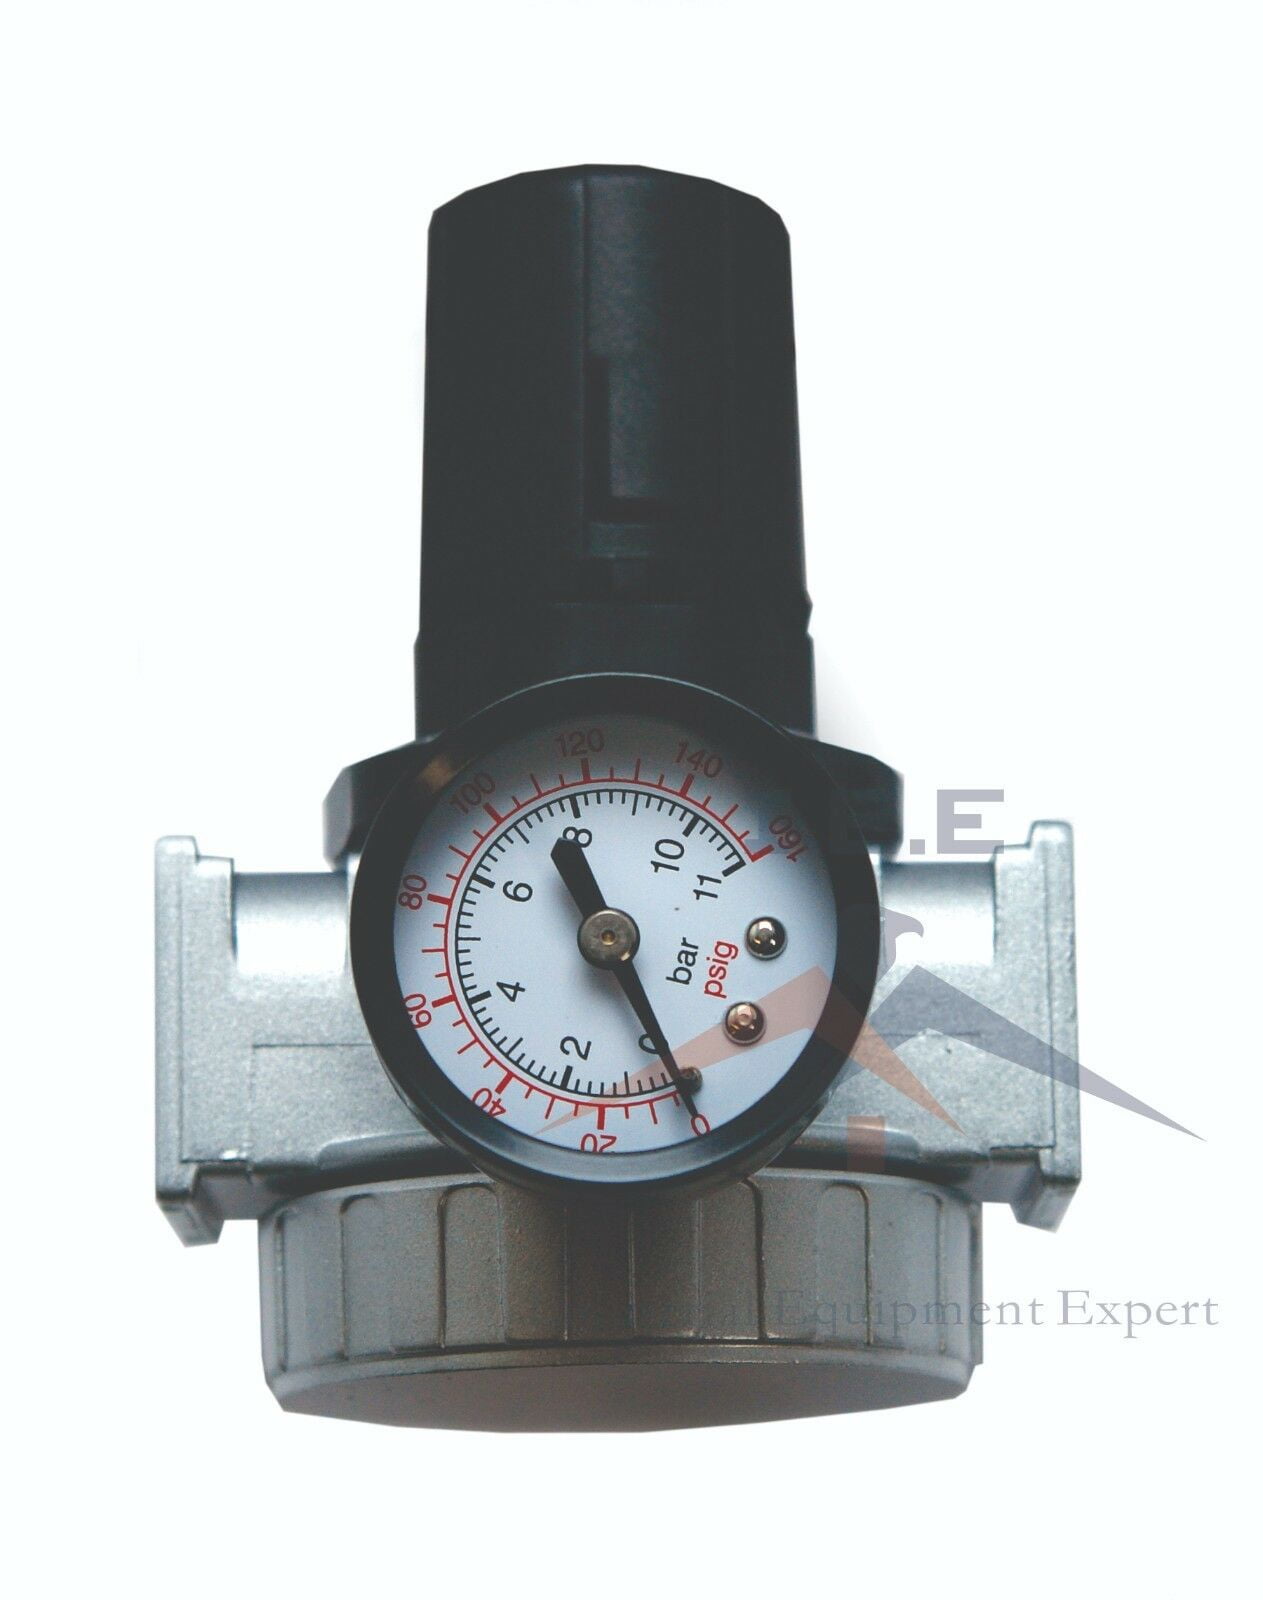 Air Pressure Regulator for compressor compressed air 1/2" & free gauge 
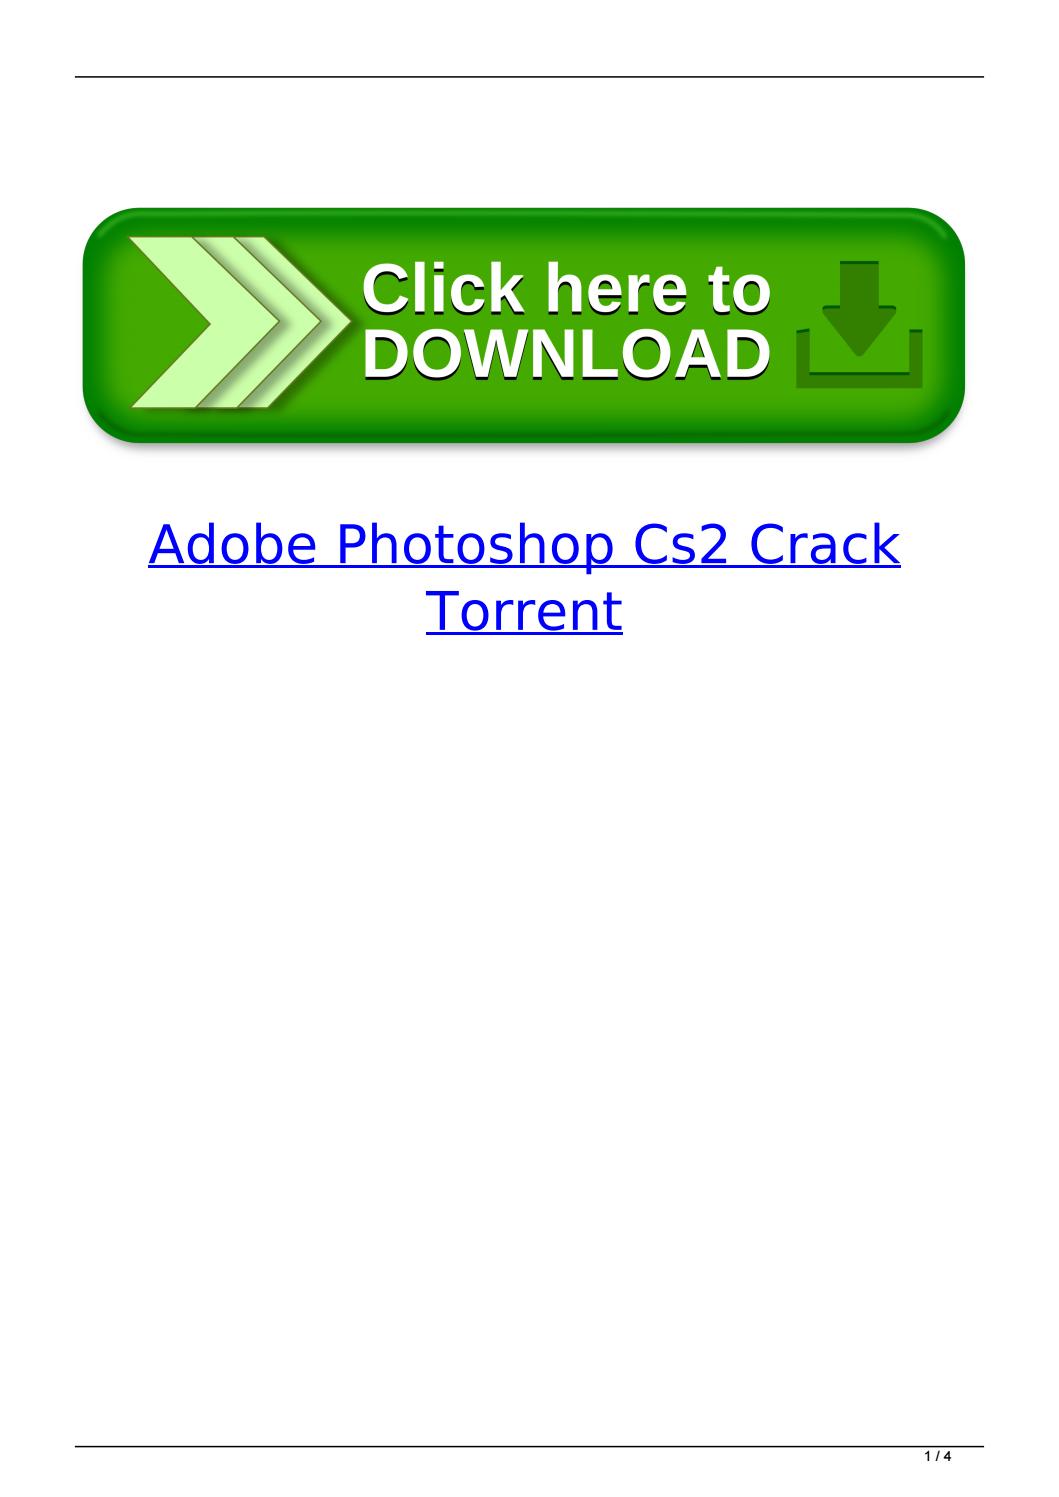 Adobe photoshop free trial
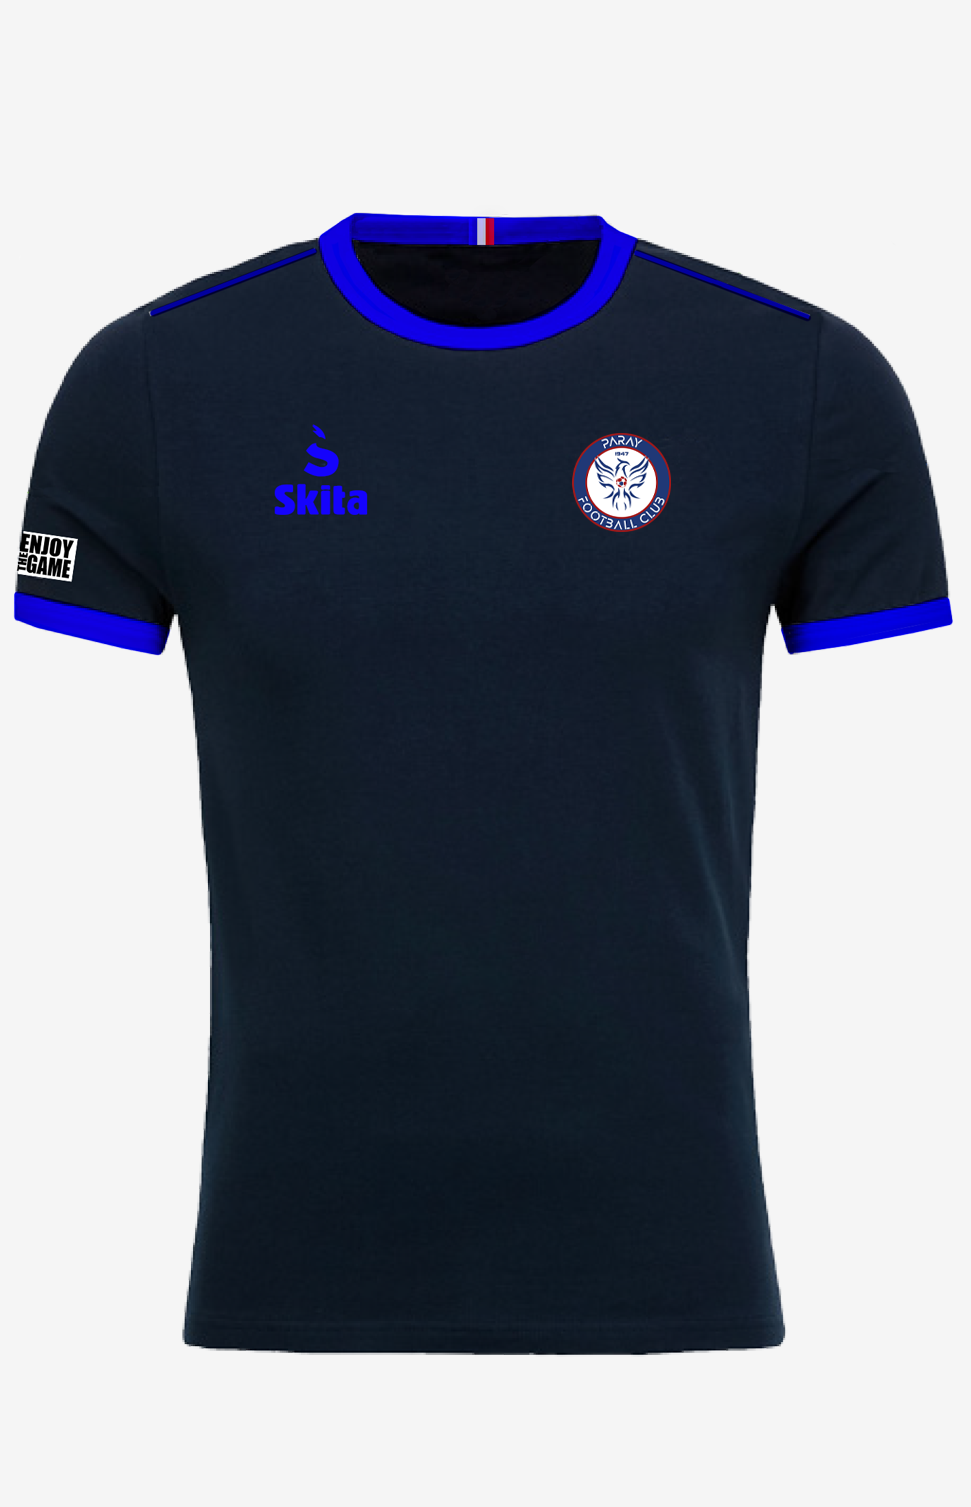 T-shirt de sortie (Paray FC)
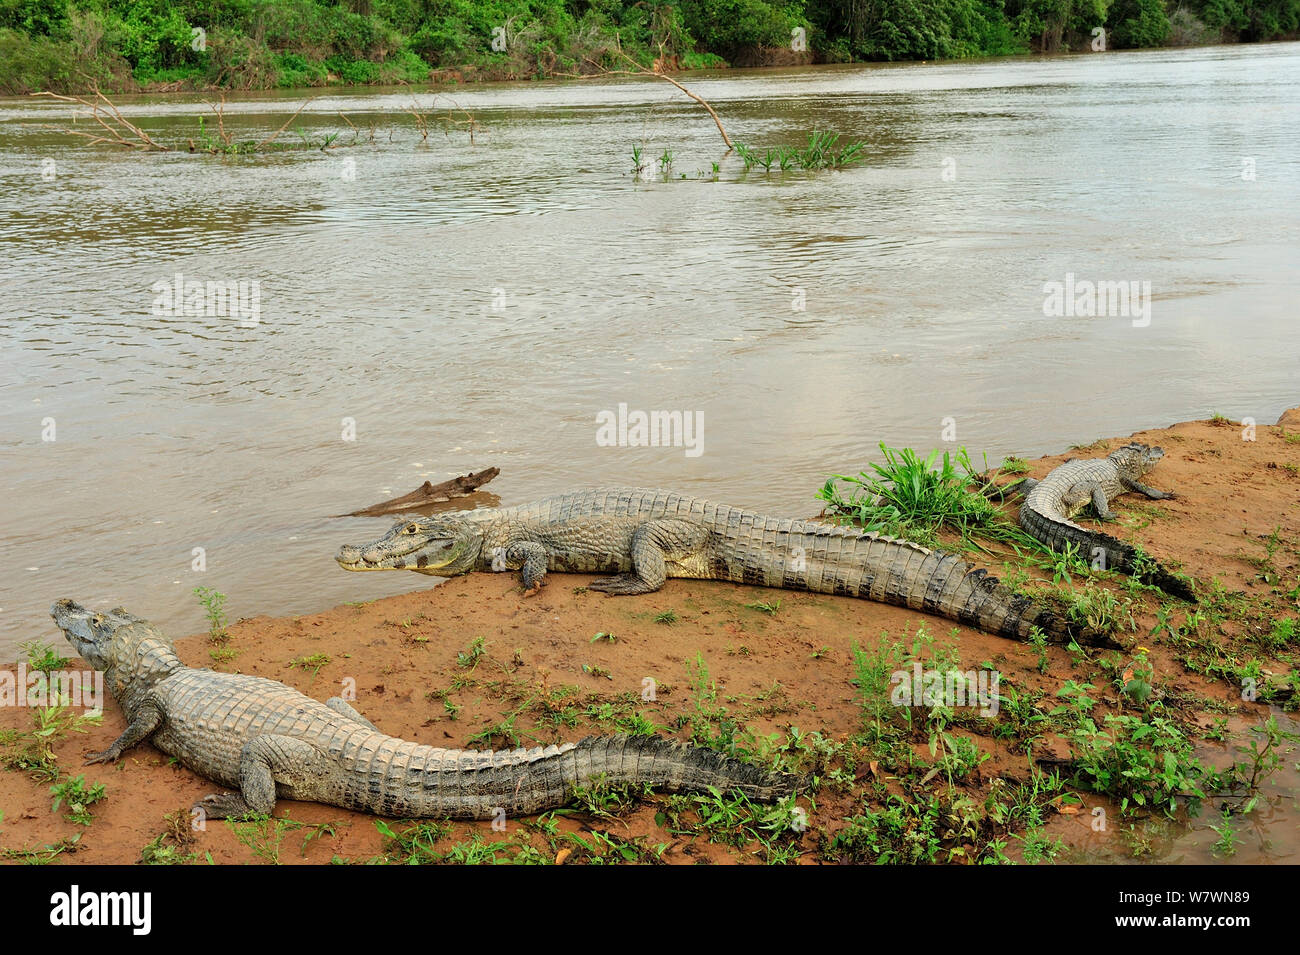 Yacare Kaimane (Caiman yacare) am Ufer des Flusses Piquiri, Pantanal von Mato Grosso, Mato Grosso, Westen Brasiliens. Stockfoto
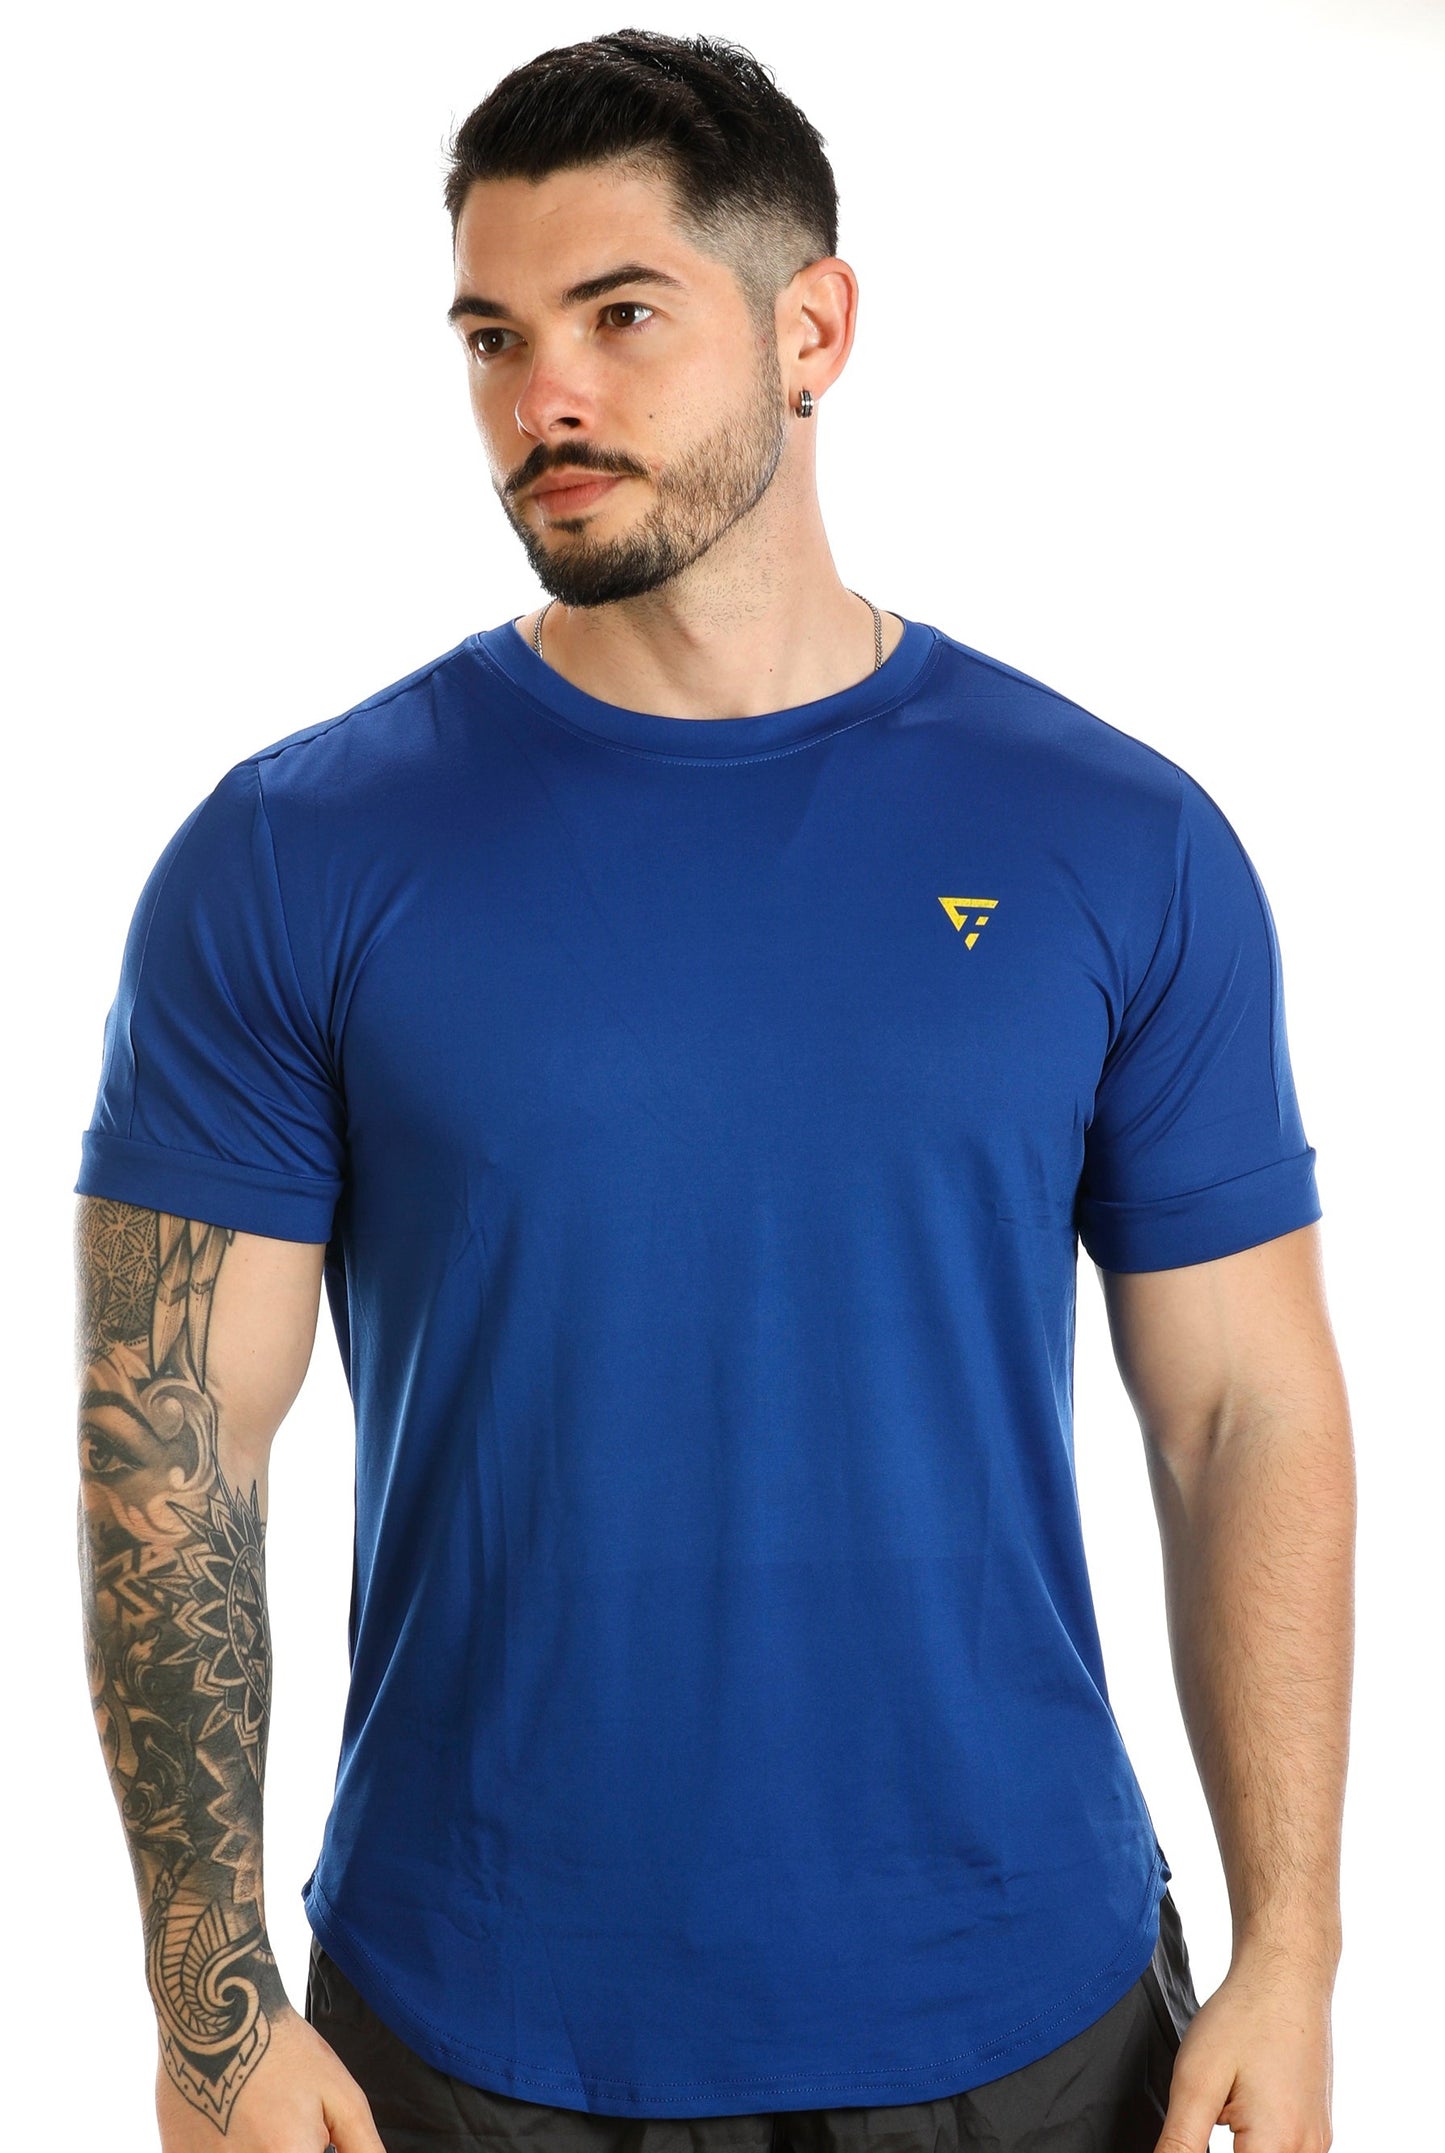 ARES stretch t-shirt (blue)

------------------------------------

• **Problem statement**
From the line that contains "T-shirt de sortie (Paray FC)" to the end of the listing, give every line again exactly as written. Leave the pictures out.

• **Answer section**
 T-shirt de sortie (Paray FC)
 Yacare Kaimane (Caiman yacare) am Ufer des Flusses Piquiri, Pantanal von Mato Grosso, Mato Grosso, Westen Brasiliens. Stockfoto
 ARES stretch t-shirt (blue)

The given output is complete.